THE CUT - The Joy of Fran

Courtesy of The Cut

Twenty-one years after the end of The Nanny, we’re still in her thrall.

What you first need to understand is that I learned joie de vivre from The Nanny. Literally, as in the phrase: It sneaked into the theme song to describe the stock-in-trade of the flashy girl from Flushing, as the Nanny was, and as Fran Drescher, its star and creator, was. Ann Hampton Callaway wrote that song for her and did its jazzy performance, a stepping-stone on the way to writing hits for Barbra Streisand, which, if you’re a Jewish girl from the boroughs, as Drescher is, is a little like saying Callaway wrote for some little yeshiva Yentl before ascending, pen in hand, to work for G-d Herself.

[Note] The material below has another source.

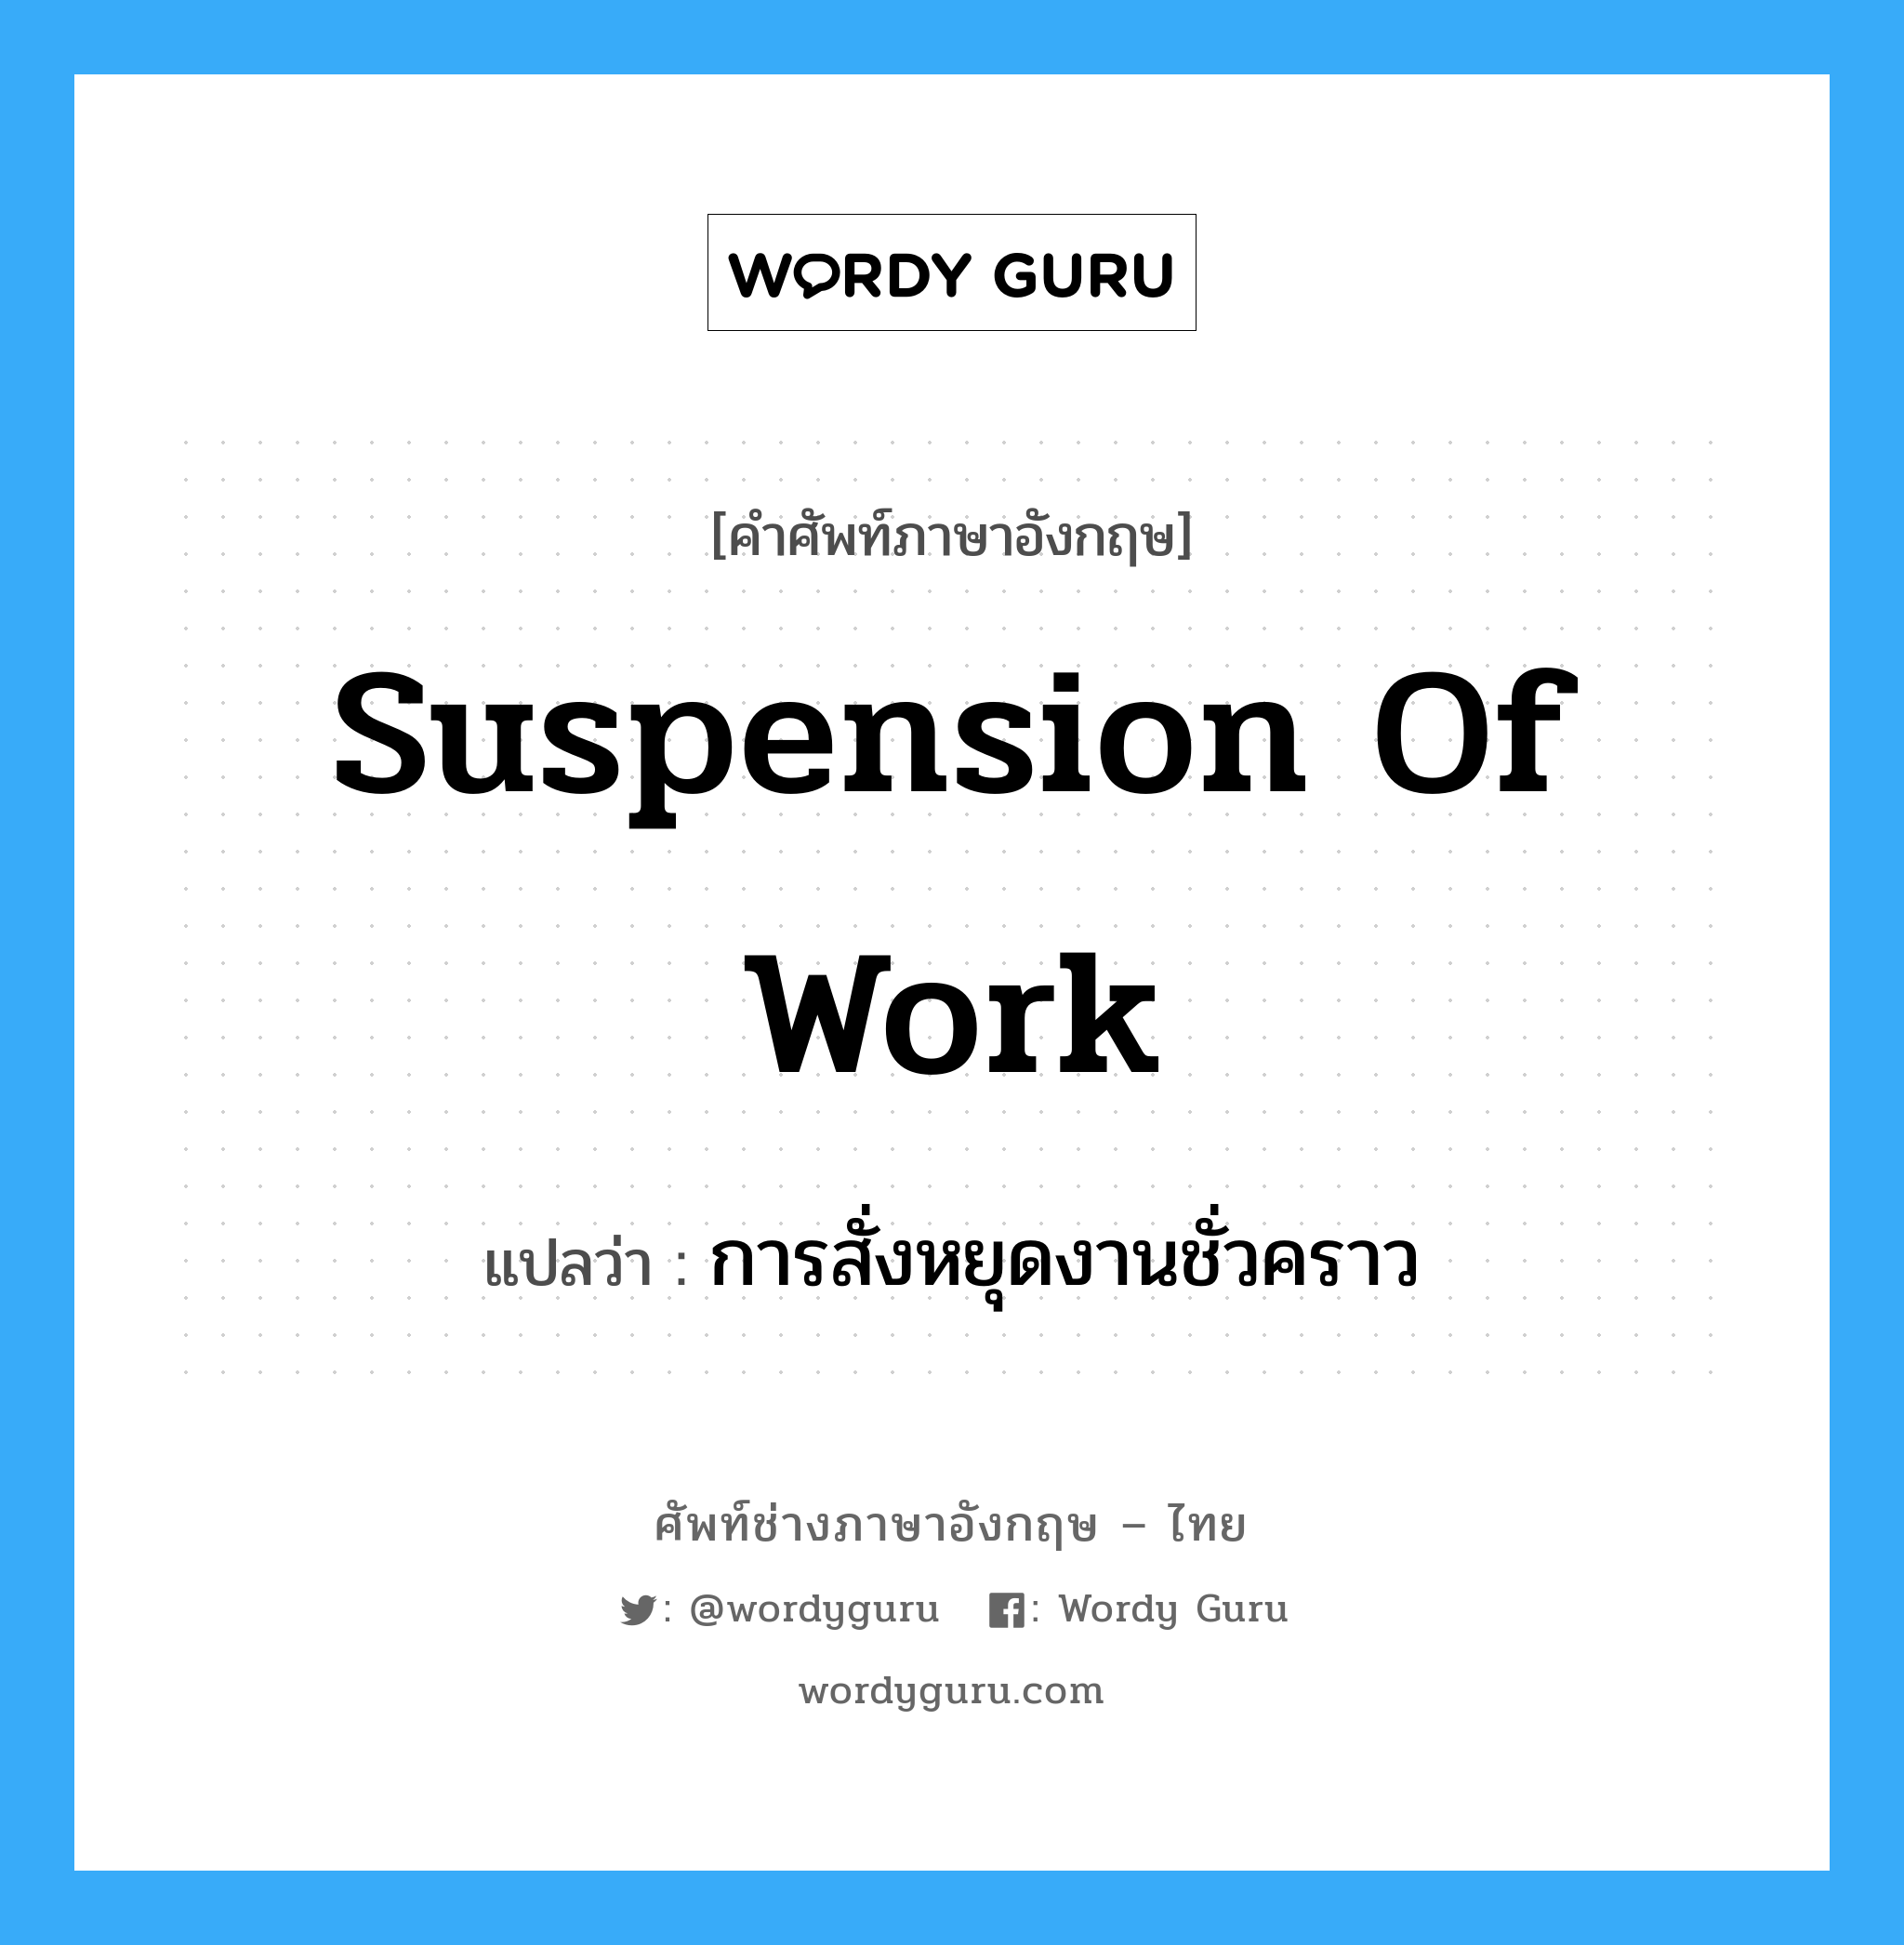 การสั่งหยุดงานชั่วคราว ภาษาอังกฤษ?, คำศัพท์ช่างภาษาอังกฤษ - ไทย การสั่งหยุดงานชั่วคราว คำศัพท์ภาษาอังกฤษ การสั่งหยุดงานชั่วคราว แปลว่า Suspension of Work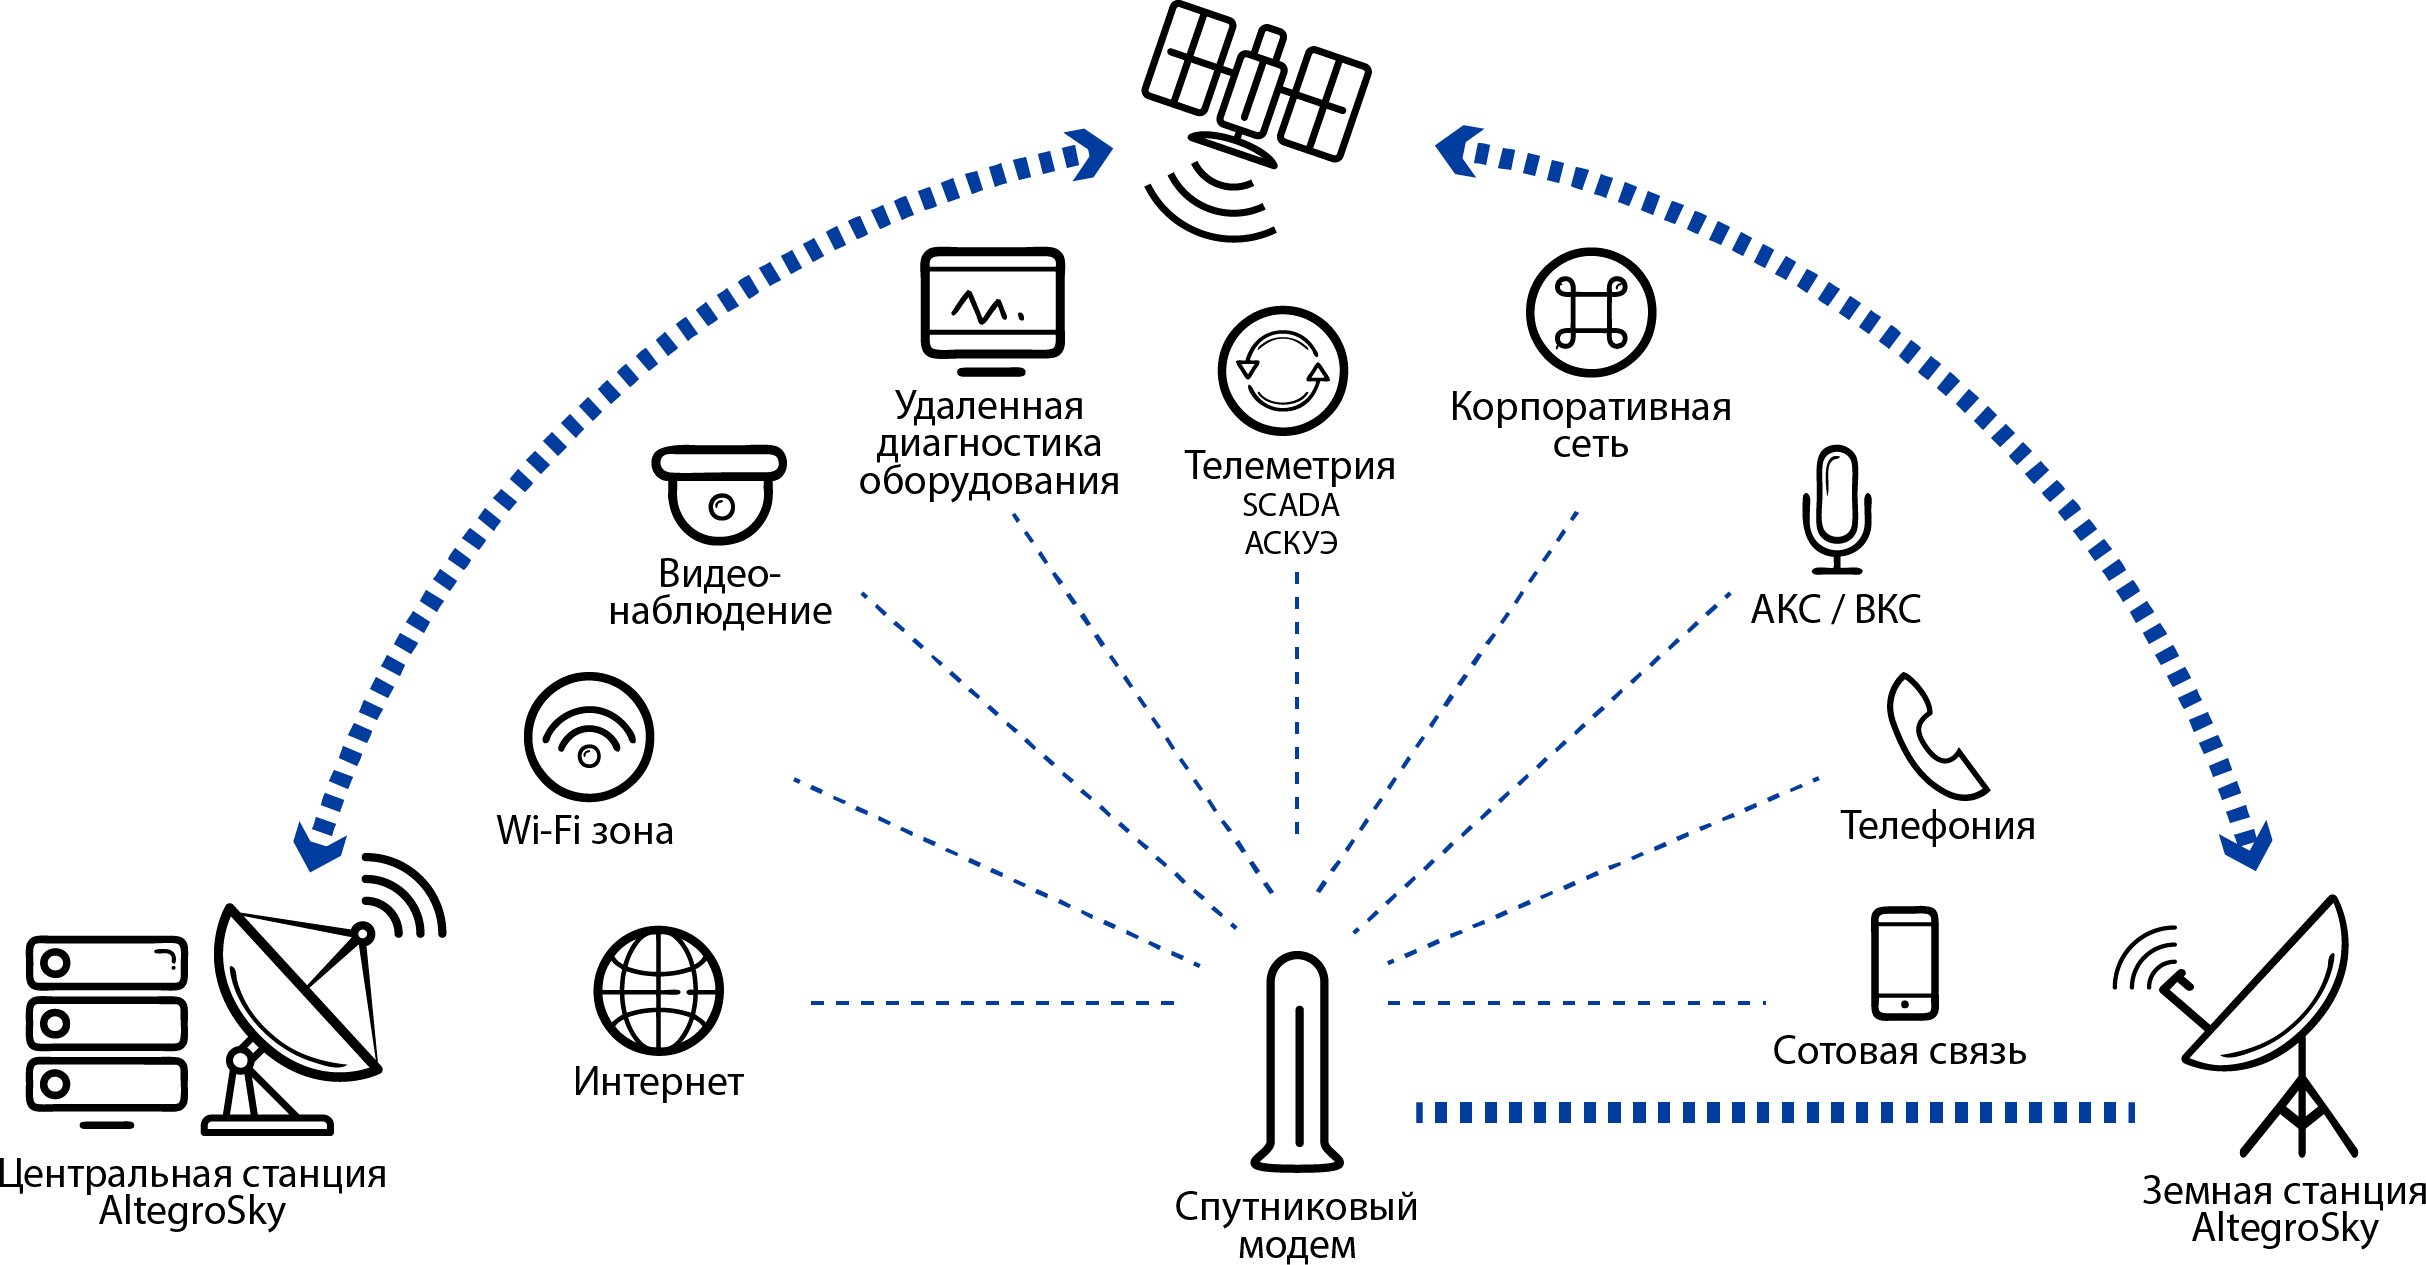 Схема каналов связи на основе технологии VSAT

The joy of Fran! The Jewish girl onscreen who wasn’t a meeskite but a bombshell, who turned what could have been a career-killer — a face that could launch a thousand ships paired with a voice that could sink them — and made it, through gale-force charm, a selling point, a calling card. Thirty years’ worth of journalists have struggled to describe her nasal whinny. I like Los Angeles magazine’s version: the voice of “a Bloomies perfume spritzer in heat.” Teachers told her to lose it, and she tried. But when she trained it out of herself, she lost her whole personality and spoke at a snail’s pace. She remembers drawling her way through an audition for a part in an epic television drama and losing out to Jane Seymour. “They said to my manager, ‘You know, she did fine, but she talked too slow, and it’s only an 18-hour miniseries,’ ” Drescher says. “So that was kind of the end of that.”

If you are of the generation that grew up on Drescher — those of us who were impressionable, and often latchkey, kids during her nannying days, from 1993 to 1999 — it is more than a little surreal to find yourself suddenly in communication with her, like meeting a former babysitter years later, each of you older, wiser, and a little wider, the dynamics of your relationship subtly changed. At 62, Drescher is both a whole new woman — a cancer survivor with a foundation to advocate for early detection, prevention, and policy; a marijuana evangelist; and a fiery political opinionator with a snappy anti-capitalist bent — and exactly the one you feel you know. Her text messages are spangled with kiss-print emoji. She loves an espresso martini, the height of ’90s elegance.